2. Model Construction

Considering that when an unmanned vehicle is traveling in a three-dimensional environment without a road network, its planning path is constrained to go to an uneven, peaky, and obstructed geographic environment, it is especially important to model the slope and energy consumption. In this paper, an unmanned vehicle is considered as an agent. The goal of this paper is to enable the agent to find a reasonable path to reach the target location within a specified step length. By this we mean that it can effectively select the appropriate terrain, including balancing the path length and energy consumption and avoiding difficult terrain. As for the calculation of the energy consumption for rough terrain, the slope is usually considered, and the slope and energy consumption are calculated as follows.

2.1. Distance Calculation

In path planning, the Manhattan distance or Euclidean distance is usually used to calculate the distance between two nodes. As this paper is concerned with non-flat terrain, the Euclidean distance is used to calculate the distance between node i and node j. The 3D distance between node i and node j is denoted as follows:

D_{3} (i, j) = \sqrt{{(x_{i} - x_{j})}^{2} + {(y_{i} - y_{j})}^{2} + {(z_{i} - z_{j})}^{2}}

(1)

The two-dimensional distance between node i and node j is denoted as follows:

D_{2} (i, j) = \sqrt{{(x_{i} - x_{j})}^{2} + {(y_{i} - y_{j})}^{2}}

(2)

The path length when the whole path has n sampling points is as follows:

D_{t o t a l} = \sum_{i = 1}^{n - 1} D_{3} (i, i + 1)

(3)

2.2. Slope Calculation

In this paper, we plan a path that balances the path length and energy consumption on three-dimensional terrain, so the slope angle is introduced. The slope represents the degree of smoothness of the surface unit and is usually defined as the ratio of the elevation difference to its horizontal distance, and the slope angle is calculated as follows:

θ = \arctan \frac{z_{i} - z_{j}}{\sqrt{{(x_{i} - x_{j})}^{2} + {(y_{i} - y_{j})}^{2}}}

(4)

2.3. Energy Consumption Model

The main energy consumption of the vehicle during driving comes from the air resistance, tire rolling resistance, gravity, acceleration energy consumption, and braking energy consumption. Assuming that the vehicle travels at a constant speed, the vehicle force analysis is shown in Figure 1; then, we calculate the following:

\begin{array}{l} F = F_{r} + m g \sin θ + F_{a} \\ = f_{r r} (s) m g \cos θ + m g \sin θ + \frac{1}{2} ρ A c_{D} v^{2} \end{array}

(5)

where F_r is the tire rolling resistance; F_a is the air resistance; m is the mass of the car; f_rr(s) is the rolling resistance coefficient, and the value in this paper is 0.01; g is the acceleration of gravity; θ is the angle of the gradient; ρ is the air density; A is the area of the car’s front surface; c_D is the coefficient of resistance; and v is the average speed between nodes. Its energy consumption is finally converted into work performed to overcome tire resistance (E_r), work performed to overcome gravity (E_g), and work performed to overcome air resistance (E_a).

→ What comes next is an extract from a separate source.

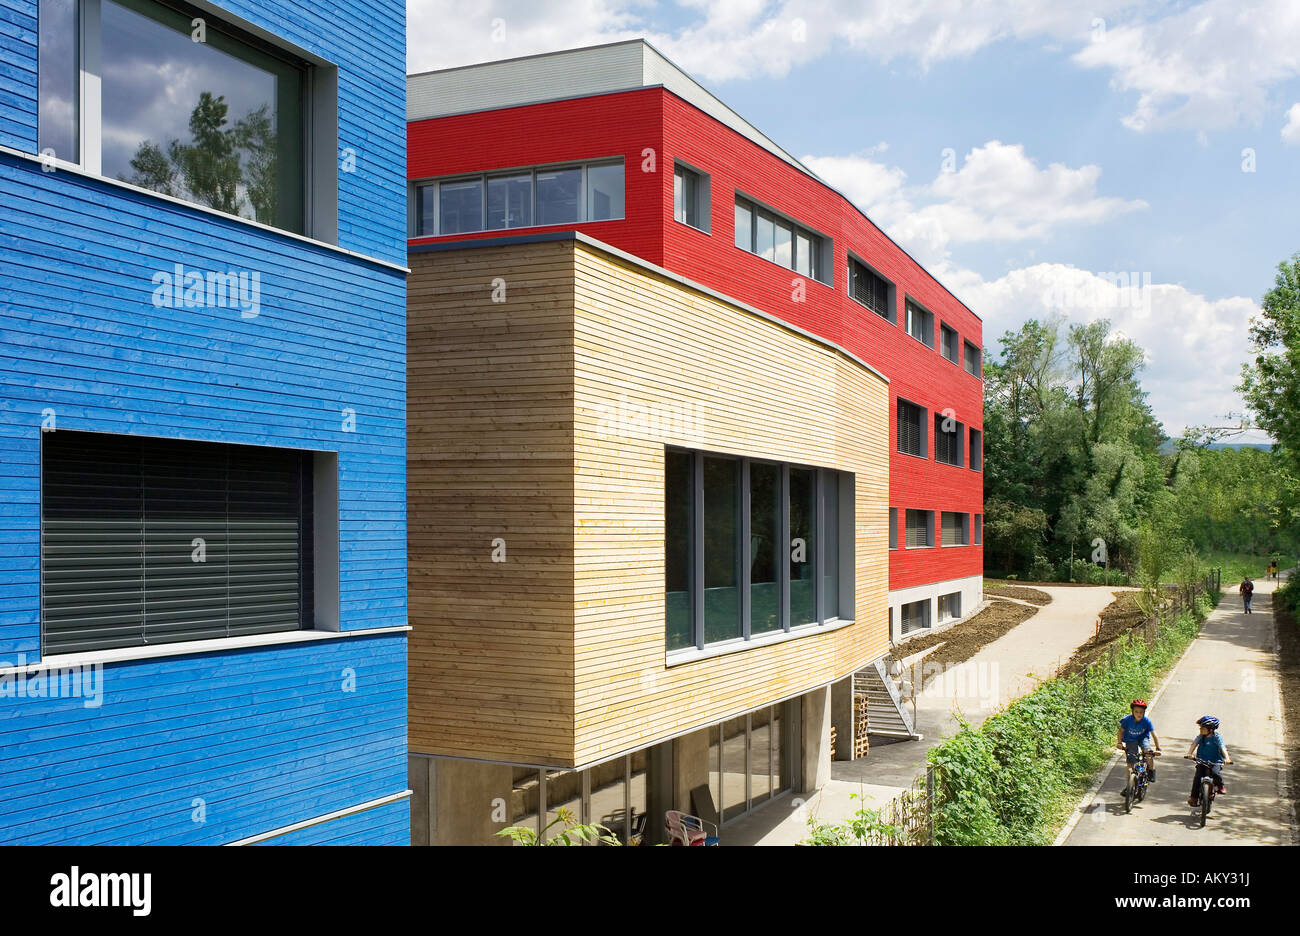 Buildings of the Company Weleda, Arlesheim, Basel-Landschaft, Switzerland  Stock Photo - Alamy
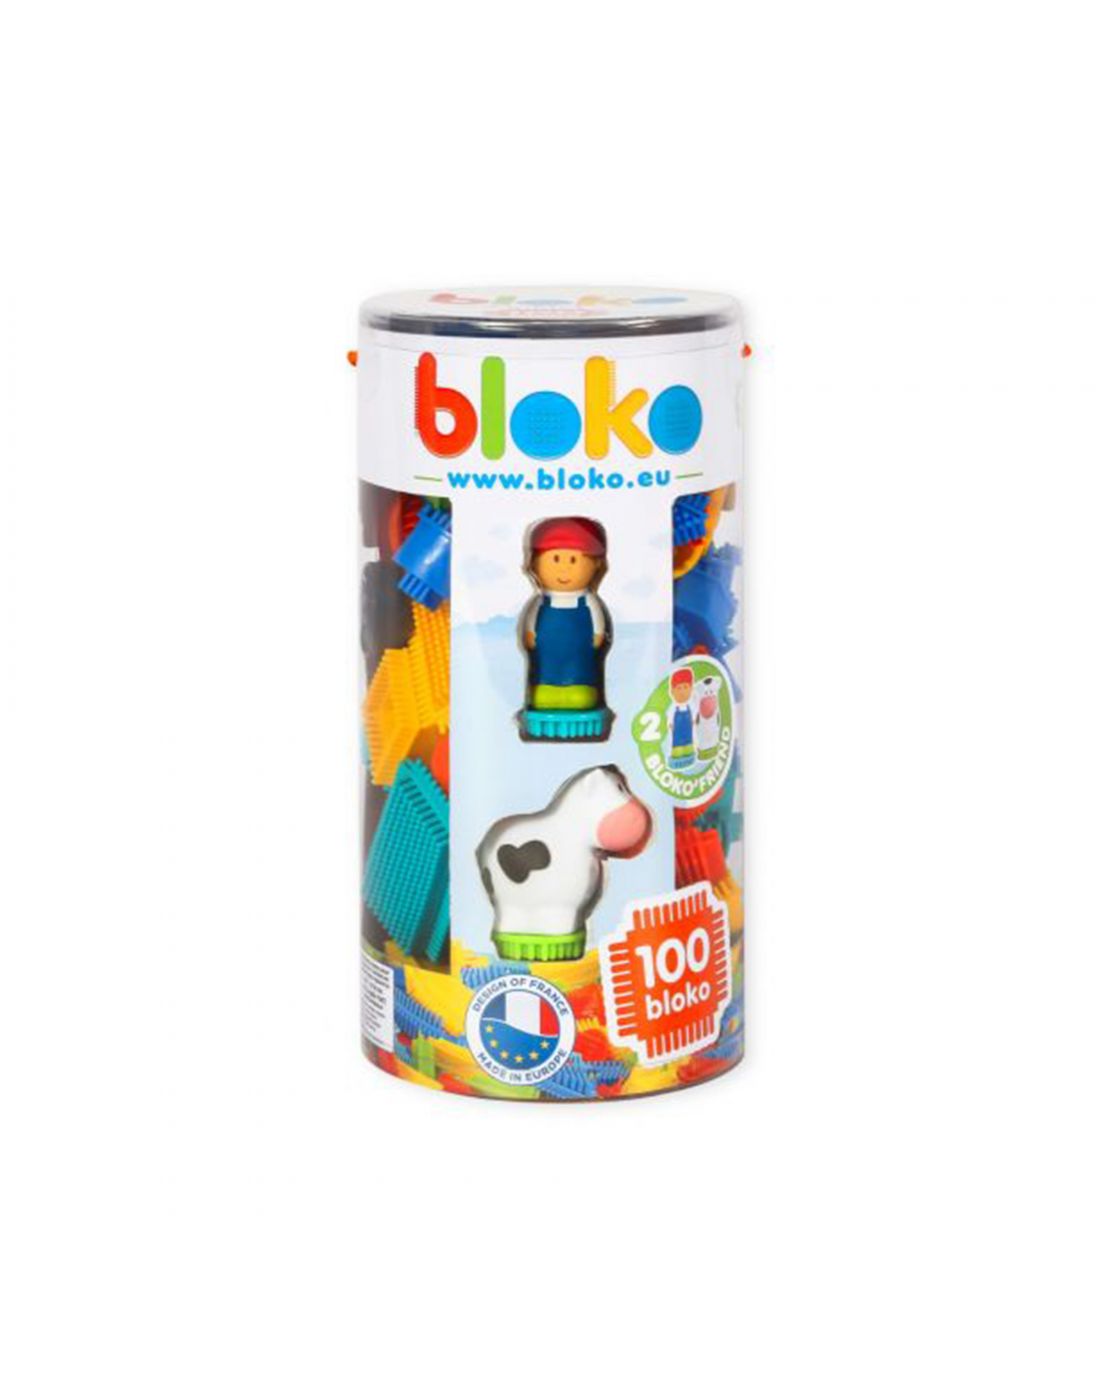 Imaginarium Kids Toy Tube 100 Bloco with 3D Farm Figurines

Then, the energy consumption of a car when traveling a distance of d uphill and downhill can be expressed as follows:

E_{u d} = E_{u d r} + E_{u d a} + E_{g} = f_{r r} (s) m g \cos θ \cdot d + \frac{1}{2} ρ A c_{D} v^{2} \cdot d + m g \sin θ \cdot d

(6)

where E_udr and E_uda represent the work performed to overcome tire resistance and air resistance when going uphill and downhill, respectively. The energy consumption of a car when traveling at a constant speed on a flat road can be expressed as follows:

E_{f} = E_{f r} + E_{f a} = f_{r r} (s) m g \cdot d + m g \sin θ \cdot d + \frac{1}{2} ρ A c_{D} v^{2} \cdot d

(7)

where E_fr and E_fa represent the work performed to overcome air resistance and tire resistance when driving on a flat road. To eliminate the effect of different vehicles, this paper defines the uphill and downhill unit energy consumption as follows:

E_{s} = \frac{E_{u d}}{E_{f}}

(8)

Its unit is u/m, where ‘u’ is a standardized energy unit defined as multiples of joules, and the unit energy consumption varies for different vehicles going up- and downhill. When traveling at 45 km/h, the work performed to overcome air resistance is about one-quarter of the work performed to overcome tire resistance; i.e.,

E_{u d a} = E_{f a} = \frac{1}{4} E_{f r}

. Therefore, the unit energy consumption of the uphill and downhill is as follows:

E_{s} = 0.8 \cos θ + 80 \sin θ + 0.2

(9)

Therefore, the energy consumption between two neighboring nodes (i, j) can be expressed as follows:

E (i, j) = \max (D_{3} (i, j) \cdot E_{s}, 0)

(10)

The total path energy consumption when the whole path has stable n sampling points is as follows:

E_{t o t a l} = \sum_{i = 1}^{n - 1} E (i, i + 1)

(11)

3. Path-Planning Algorithm Design

This section introduces the fundamentals of the Deep Q-Network (DQN) algorithm, followed by a detailed presentation of the proposed A-DQN algorithm specifically designed for heuristic exploration in complex terrain environments.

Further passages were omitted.